On the day on which Elizabeth Chantrelle was laid to rest, a funeral at which Chantrelle showed himself with tear-stained face, two men stepped up to him, and told him he was under arrest, and he was conveyed to Calton jail.
The indictment read that he had murdered his wife within his dwelling house in George Street, Edinburgh, by tire administration of opium in lemonade and orange.
“She Was Funny!”
Three days later he made a declaration.
He was forty-three years old. He denied that he had administered poison of any sort to his wife. She was very seldom ill, and never had any serious ailment. When she was sick he prescribed for her and always put her right. Upon the whole they lived happily.
He then made statements damaging to Elizabeth, no longer there to defend herself.
“My wife had her peculiarities. I do not know whether she thought I was not sufficiently attentive to her. I was as attentive as I could be. I had a great deal to do. I was not at all jealous of her.
“We had a young man named Driggs, who had lived with me three years before our marriage, and continued to do so for one year after. There was a great deal of affection between my late wife and myself, but she was sometimes funny.
“For instance, when I was going out to teach at Leith High School, she would tell me she was going to drown herself. This happened several times and I would say: ‘Nonsense, my dear. What would you do that for?’
“One Saturday, when she played the same game, I was so annoyed I said to her: ‘Go and do it.’ That would be five, not nine years ago.
“She was in the habit of washing herself in a tub in her bedroom before going to bed. On several occasions on my going up to her room after an hour afterward expecting to find her in bed, I found her stooping in a sitting posture, her head bent forward, her nose on the edge of the tub as if to put her face into the water.
“I frequently raised her up, and she appeared to be in a swoon, so that I had to lay her on the bed and rub her to bring her round. I soon came to think she was only feigning unconsciousness and told her so. She stopped it.
Jealousy Incarnate!
“She had not done anything of the kind I have described for about six years. I never thought that she seriously meant to make away with herself, but merely that reading penny trashy novels she had thought foolishly to reproduce the scenes she had read in them. My wife was the last person I could imagine trying to put an end to her life.
“If there was any bad feeling, we always made it up together. She was extremely jealous of me. On one occasion I was smoking and sipping my coffee after dinner when she came into the room and looked daggers at me. She asked me afterward what I meant by looking at ‘that woman.’ I assume she meant a woman whom I saw at a lodging house window opposite.
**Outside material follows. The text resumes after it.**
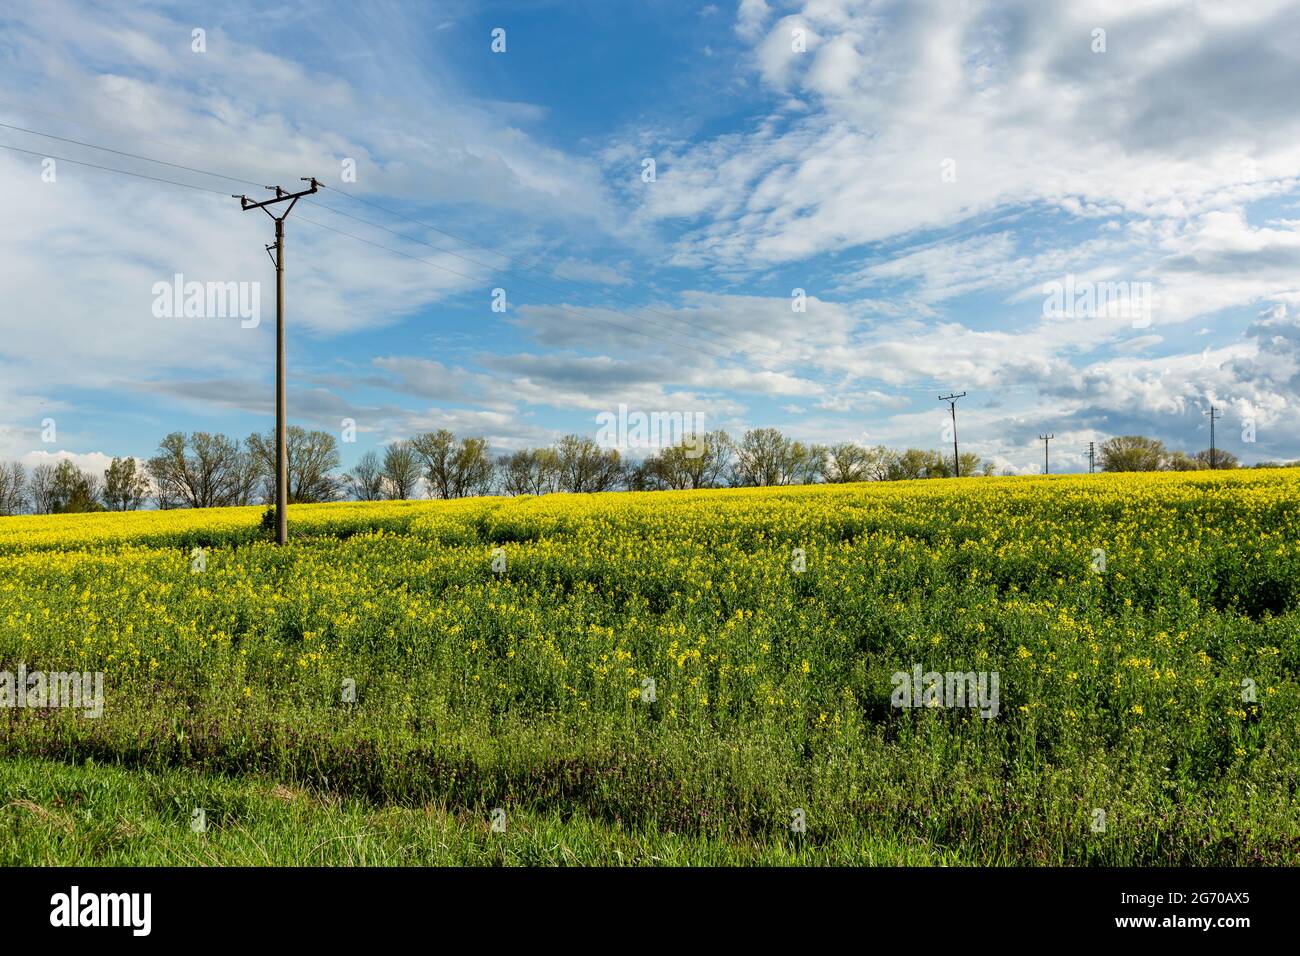 Vista della campagna rurale con campo di colza giallo, erba verde, alberi all'orizzonte, pali elettrici e linee. Giornata di primavera soleggiata con cielo blu. Foto Stock

“With jealousy she kicked out of my house the Driggs family, Driggs, his mother and sister, who were worth two hundred and fifty pounds a year to me. She never got on with Mrs. Driggs, who had been a patient of mine three years previously.
“Sometimes when my wife was in the room, Mrs. Driggs would be lying on the sofa, and I sitting beside her in a low chair. She would be whispering to me about her illness, and when my wife saw this she would turn up her nose and walk out of the room.